2. Verify config directory:
```bash
docker exec charon ls -la /app/data/crowdsec/config
```
Expected files:
- `config.yaml` — Main configuration
- `local_api_credentials.yaml` — LAPI authentication
- `acquis.yaml` — Log sources
3. Check for common startup errors:
**Error: "config.yaml not found"**
```bash
# Restart container to regenerate config
docker compose restart
```
**Error: "port 8085 already in use"**
```bash
# Check for conflicting services
docker exec charon netstat -tulpn | grep 8085
# Stop conflicting service or change CrowdSec LAPI port
```
**Error: "permission denied"**
```bash
# Fix ownership (run on host)
sudo chown -R 1000:1000 ./data/crowdsec
docker compose restart
```
4. Remove any deprecated environment variables from docker-compose.yml:
```yaml
# REMOVE THESE:
- CHARON_SECURITY_CROWDSEC_MODE=local
- CERBERUS_SECURITY_CROWDSEC_MODE=local
- CPM_SECURITY_CROWDSEC_MODE=local
```
5. Restart and try GUI toggle again:
```bash
docker compose restart
# Wait 30 seconds for container to fully start
# Then toggle CrowdSec ON in GUI
```
6. Verify CrowdSec is running:
```bash
# Check process
docker exec charon ps aux | grep crowdsec
# Check LAPI health
docker exec charon cscli lapi status
# Check LAPI endpoint
docker exec charon curl -s http://localhost:8085/health
```
### Environment Variable Migration
🚨 **DEPRECATED:** The `CHARON_SECURITY_CROWDSEC_MODE` environment variable is no longer used.

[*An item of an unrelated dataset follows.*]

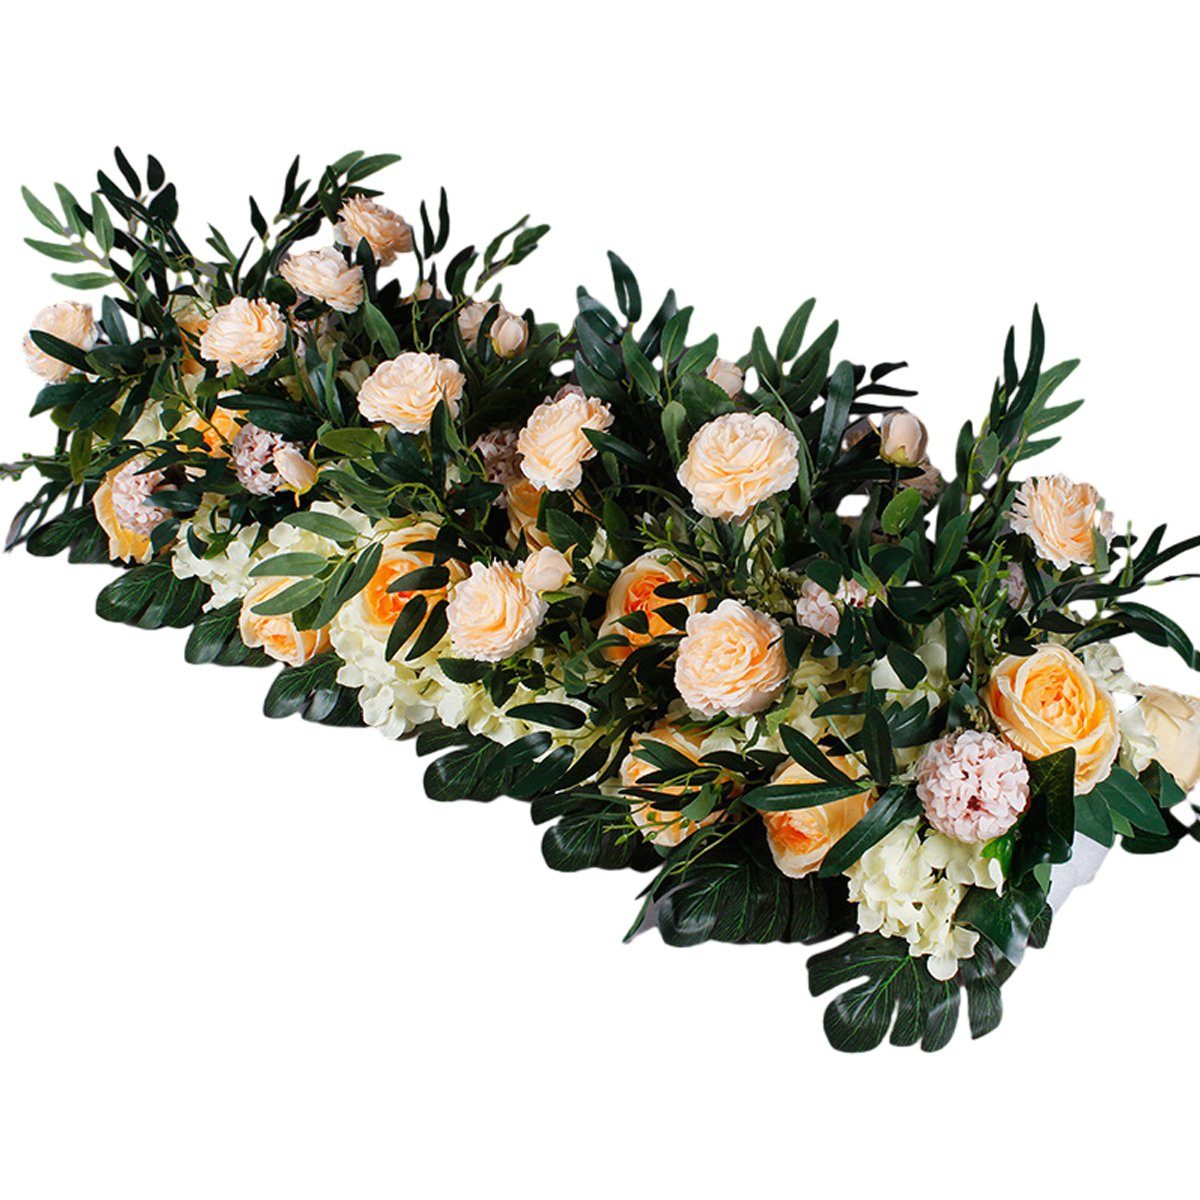 Kunstblume Künstliche Blumen Pflanzen für Hotel Hochzeit Zuhause Garten Handwerk, Rwoythk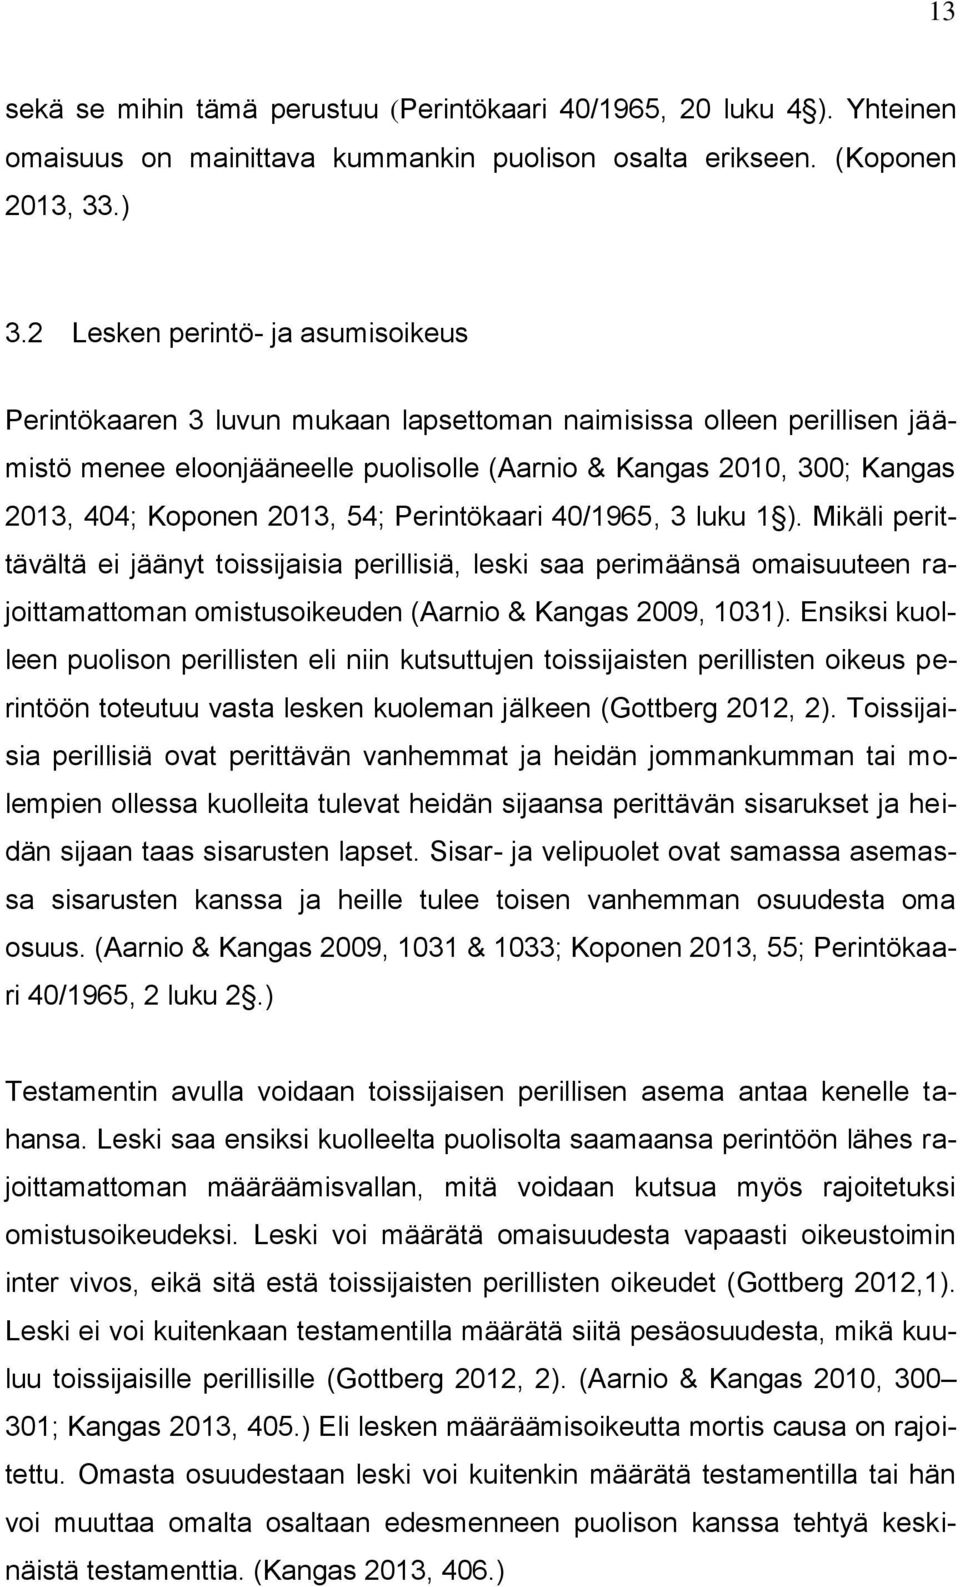 2013, 54; Perintökaari 40/1965, 3 luku 1 ). Mikäli perittävältä ei jäänyt toissijaisia perillisiä, leski saa perimäänsä omaisuuteen rajoittamattoman omistusoikeuden (Aarnio & Kangas 2009, 1031).

If you have this in your docker-compose.yml, remove it and use the GUI toggle instead. See [Migration Guide](../migration-guide.md) for step-by-step instructions.
### Configuration File
Charon uses the configuration located in `data/crowdsec/config.yaml`. Ensure this file exists and is readable if you are manually modifying it.